Bringing Down Gun Violence with Holy Rage!

Bringing Down Gun Violence with Holy Rage! July 3, 2012

Bringing Down Gun Violence with Holy Rage
By James Atwood

Children in the United States are twelve times more likely to die from firearms injury than children in twenty-five other industrialized nations combined. Gun murder rates in the United States per one-hundred thousand people are more than seventeen times higher than those in Australia; thirty-five times higher than in Germany; thirty-seven times higher than in Spain; and 355 times higher than in Japan.

I began working to prevent gun violence in 1975. I was motivated largely by rage over a friend’s tragic death and my country’s sanction of 30,000 deaths per year. I began in anger, but I stayed at it because of my hope in the Lamb of God who will usher in the full and final victory over violence and death. Christian faith steers us to affirm that love is stronger than hate; life is more powerful than death; peace is more compelling than violence; and God’s promises are more influential than guns. Guns can only kill. Love can bring new life; love can bring a resurrection.

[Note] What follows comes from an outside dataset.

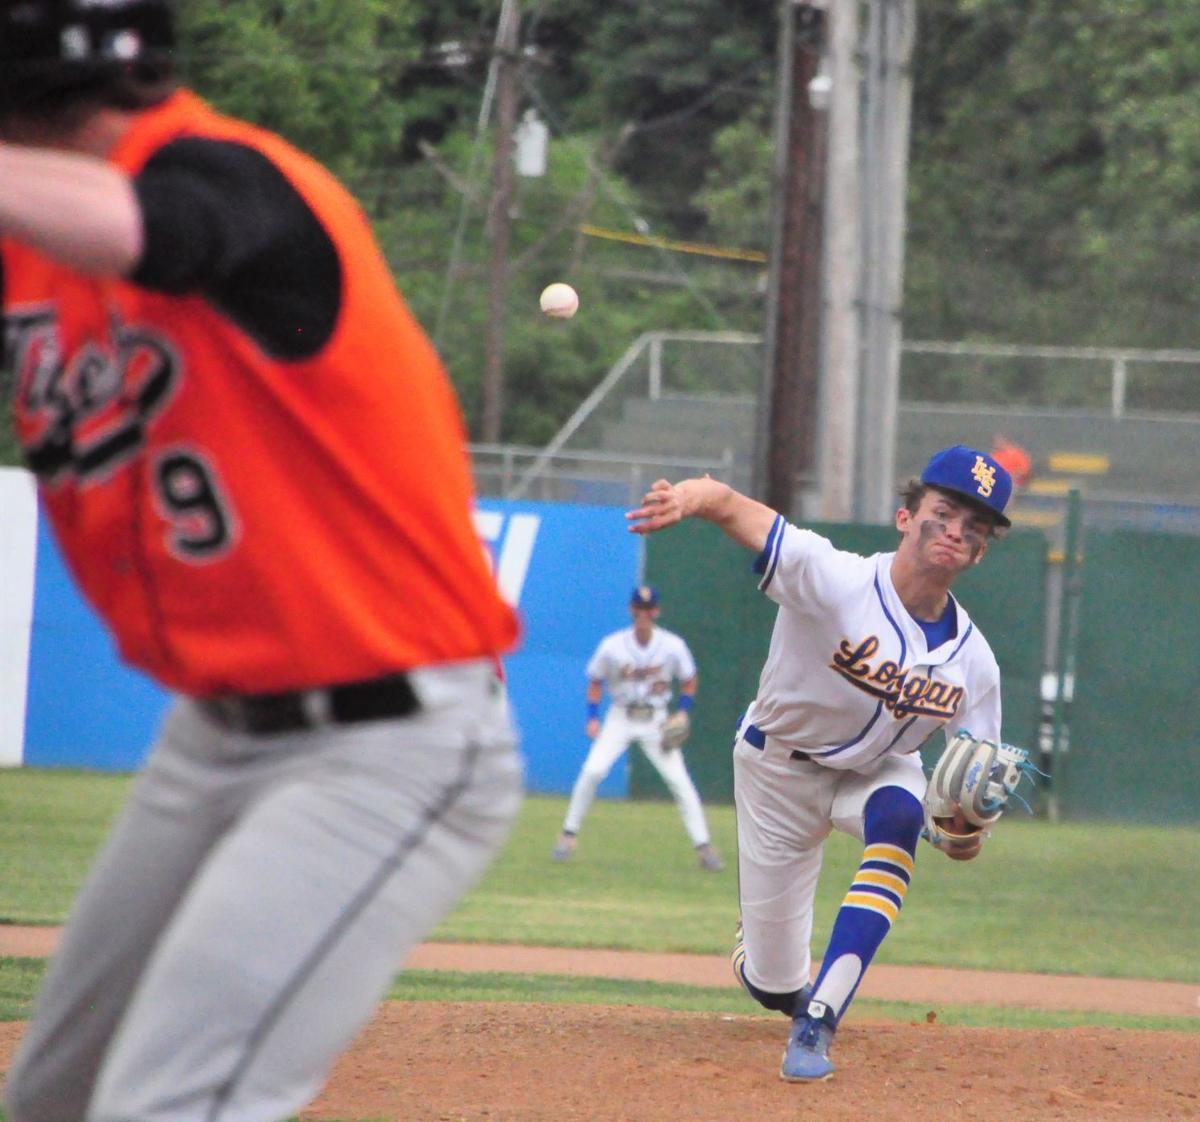 0210609-log-logan sectional baseball finals Jarron Glick pitching BEST
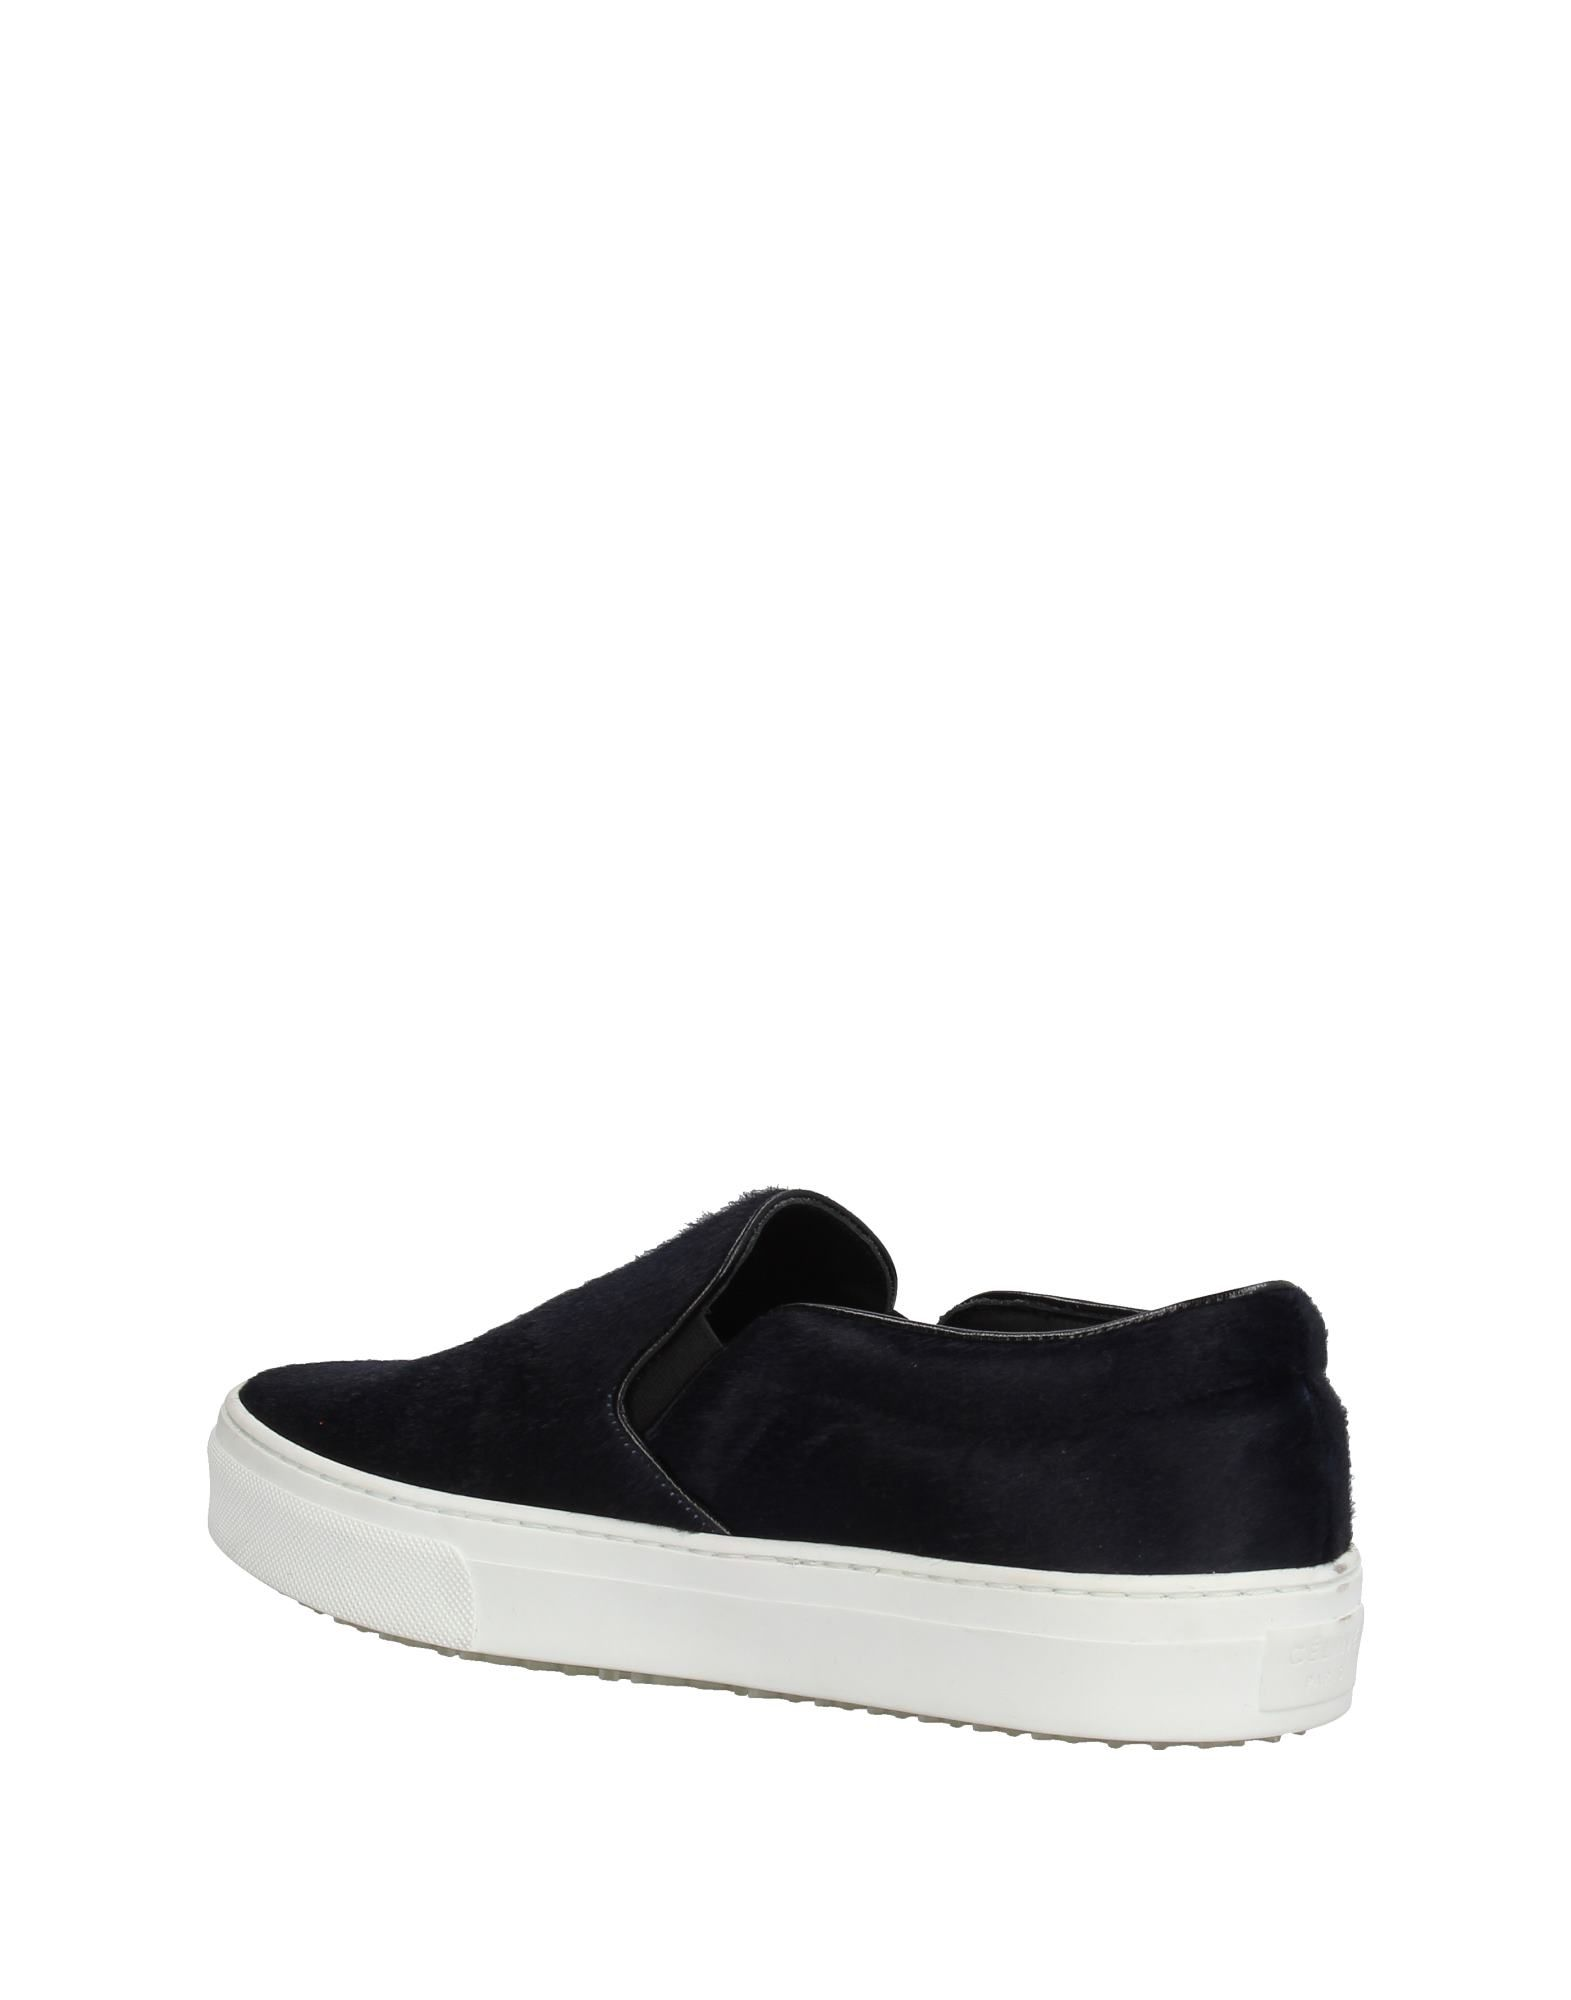 Celine Sneakers Damen gut  11214398HTGünstige gut Damen aussehende Schuhe 629fde

Part of the reason gun violence is rampant in America is because the subject itself is seldom raised from our pulpits, discussed in officer’s meetings, debated in Sunday school, and considered at our fellowship dinners and pot-luck suppers. Yes, these are venues where words are plentiful, but the truth and action that faith requires always begins with words. Even God needed words to create the world. “Let there be light,” the Creator decreed and creation happened. Creation always happens, for good or ill, whenever words are spoken. Every war, every movement to degrade people by nation, race, ethnicity, or sex began with words.

Likewise every public measure to rescue the needy, every social advance of the human race, and every stand for justice began with words. Words are never the end of our witness, but our witness always begins with words. If gun violence declines in America, it will be because the church starts talking about it—and thinking and arguing about it—using words. When is the last time your church had in-depth conversations about gun violence and made conscious decisions to do something about it?

One of the most loving things one can do to prevent violence, or honor those who have needlessly suffered and died, is to welcome a holy rage. When violence is destroying human beings, those who love are enraged. When injustice reigns, rage is often the first step of love. Jesus was angry when worshipers were exploited in the temple. In an act of love he turned over tables and threw out the moneychangers.

William Wilberforce, member of the English Parliament, was enraged by the cruelty of the slave trade. With love in his heart he went public in his denunciation and became a major figure in the abolitionist movement. Sojourner Truth was so angry over the indignities of slavery that with insightful love she walked thousands of miles to help slaves “follow the drinking gourd” to freedom.

When Dutch Christians witnessed Nazi atrocities against Jews, they were outraged and started smuggling Jews to safety. Freedom riders were incensed “the colored” could not eat at lunch counters in five- and ten-cent stores, sit in the front of the bus, or use toilets in gas stations. Out of love for their brothers and sisters, they boarded buses and helped break the chains of segregation. People who love do not sit back and watch when terrible things are happening to neighbors or friends. Those who love welcome within a holy rage.

While we take some of the steps above and are convinced we are following God’s call, we must never demonize our Christian brothers and sisters whose views about guns are the polar opposite of our own. We must never claim we are closer to God than they for there are earnest Christians on both sides of this issue. We need to walk together into the future in order to build the America we all want for our children and grandchildren. Neither side can have what it most desires for our society without respecting and accommodating the other. But again, isn’t that how God made the world?

We must learn to speak the truth in love to those whose views are different. We must take heart because the polls tell us the vast majority of Americans are not far apart on guns and gun violence. 86 percent of all gun owners and NRA members agree that Second Amendment Rights and keeping guns from criminals and terrorists are complementary, not contradictory. What are we waiting for? Let the discussions and the healing begin!

 

James E. Atwood is the author of the America and Its Guns: A Theological Expose from Cascade Books. James is also Pastor Emeritus of the Trinity Presbyterian Church of Arlington, Virginia, from which he retired in 1999 and presently the Chairperson of Heeding God’s Call of Greater Washington, a faith-based ecumenical movement that encourages gun shops to adopt a code of conduct that deters illegal purchasing and the trafficking of handguns.